The plan worked like a charm and I had nothing but positive experiences. It worked so well in fact, and I found myself getting such a kick out of it, that I began to refuse switching over to English myself, and would commit to speaking in French the whole time. It became really fun, and not a little nerve racking once I had fully memorized my phrases and could properly pronounce them, because once I got to the point where I could fool the shopkeeper/waiter into thinking I was French they would often rattle off in French to which I would knowingly nod to, hoping I wasn’t committing myself to a full lobster dinner unawares.

Language:
It was often that I found myself ensconced by people speaking in French, whether at a dinner party or even just hanging out with my friends. I certainly had no issue not understanding what was being said, and in fact found it somewhat comforting to feel the social embrace of friends without the distraction of comprehending the conversation or feeling any need to assert my own views. It was fun to notice that when people switched to English, often when they were saying something particularly clever and wanted to make sure everyone at the table could hear it. I started playing a game with myself where I would pretend that the conversation was about raccoons and would imagine what each person was saying in turn trying to match the made up raccoon laden conversation in my head with each person’s mannerisms and intonations etc. Sometimes it would be so funny I would start cracking up, which is admittedly confusing for everyone else, as I had been mutely and vacantly watching a conversation for some minutes earlier, then laughing for seemingly no reason.

Policy:
There was a “general strike” in Paris while I was there which I attended. And for those of you who don’t know, it was just that, a general strike. A day where everyone strike’s for whatever reason they want. Subway workers were striking, teachers, students, basically anyone who had a bone to pick with anything/anyone else, all chose this day to go out in the streets and strike for it. If this sounds kind of bizarre, it was! But also really fun.

Entertainment:
The friend I stayed with dates back to my high school days, and she had stayed in touch with another one of our school mates who apparently is one of the members “Of Montreal”. They played a show in Paris while I was there, and besides getting on the list for the show we had dinner with the band before hand and partied with them at a fashionable reserved bar afterward. As the hours wore on things quickly degenerated into us going back to their tour bus, and trying to fashion a late night snack with questionable slices of meats left on the floor and atop piles of underwear. Good times!

Work:
While in Paris I met with the director of the Egyptian Nile documentary I will begin working on soon in San Francisco, and also enlisted in helping man a bookstore in Santorini Greece for a few months this autumn. So though I decided beforehand my Paris stay would be an exercise in frivolous adventure, it ended up being a worthwhile decision in unexpected and delightful ways.
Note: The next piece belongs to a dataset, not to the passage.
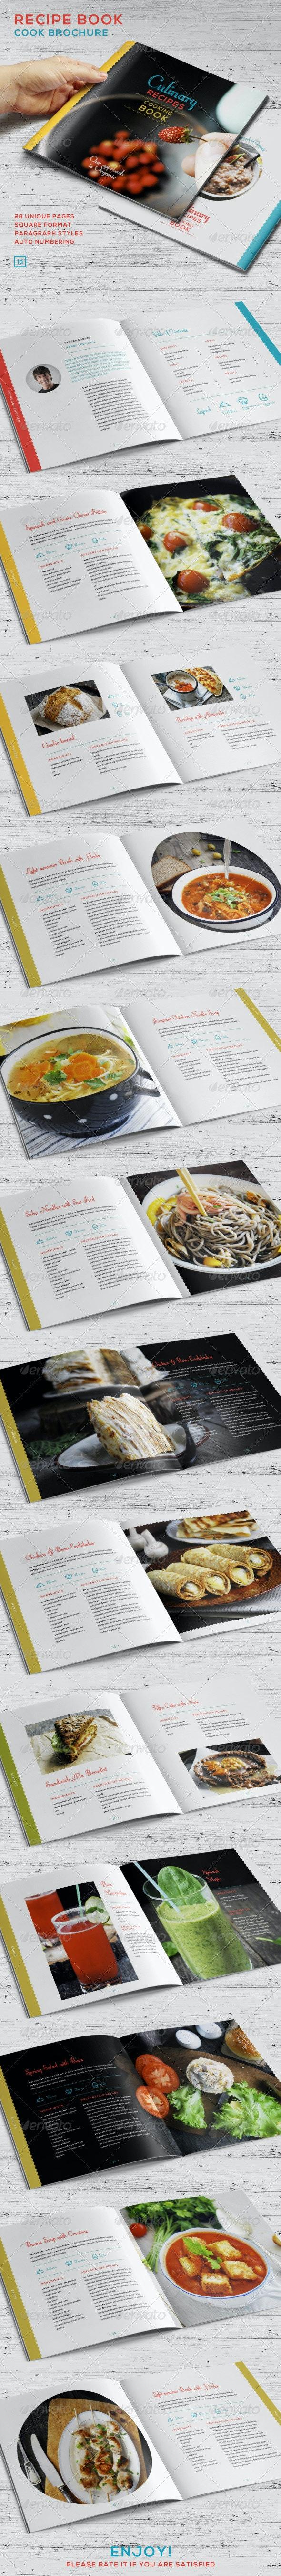 Recipe Book - Cook Brochure - Brochures Print Templates
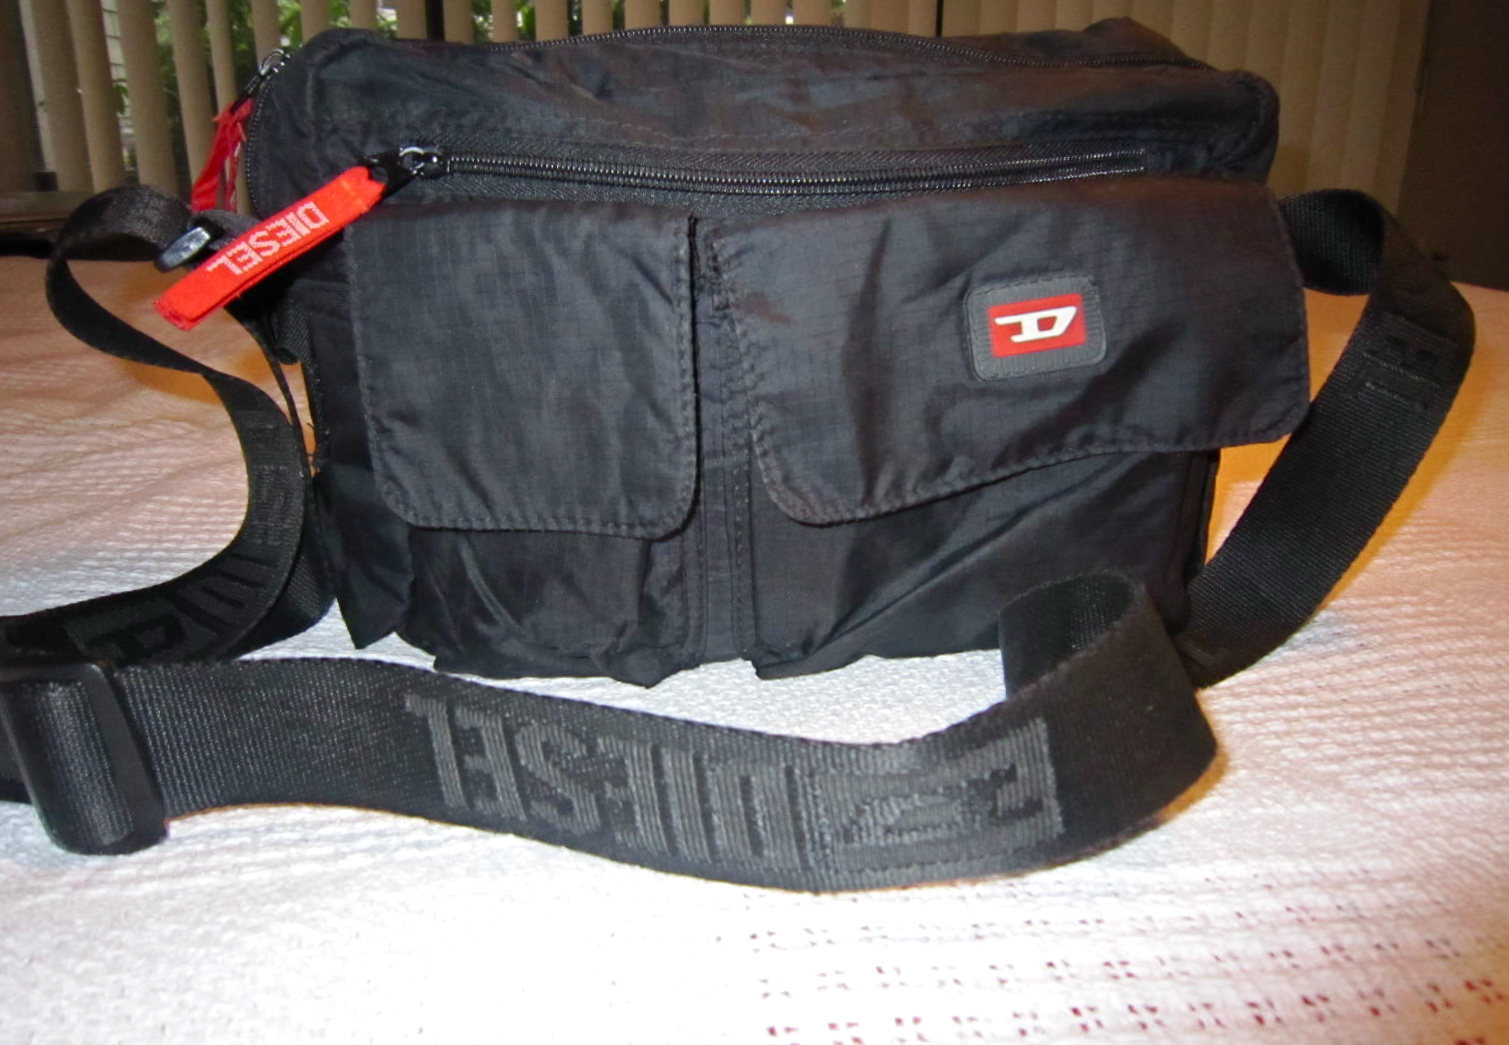 f09f0983f Diesel Messenger Bag - Luxurylana Boutique

All in all Paris was a terrific experience for these and many more reasons I’ve chosen not to mention, and though it makes me retro-actively regret having waited so long to make it out to Europe, I’m glad I finally did, and look forward to making travel a much more prevalent part of my life.




More Photos

1 comment:

  1. Anonymous3:23 PM

    That sounds wonderful and the photos are superb also. Even though I have never been to Paris, I recognise a lot of those things you described. As for the family operated speciality stores - Italia would steal your heart right away. As well as small towns in Spain, Switzerland, Germany and Greece. But yeah, if that's what you're after, good food and artsy places, Italia is perfect for absorbing this kind of culture. Except that it's a different flavour than France for sure.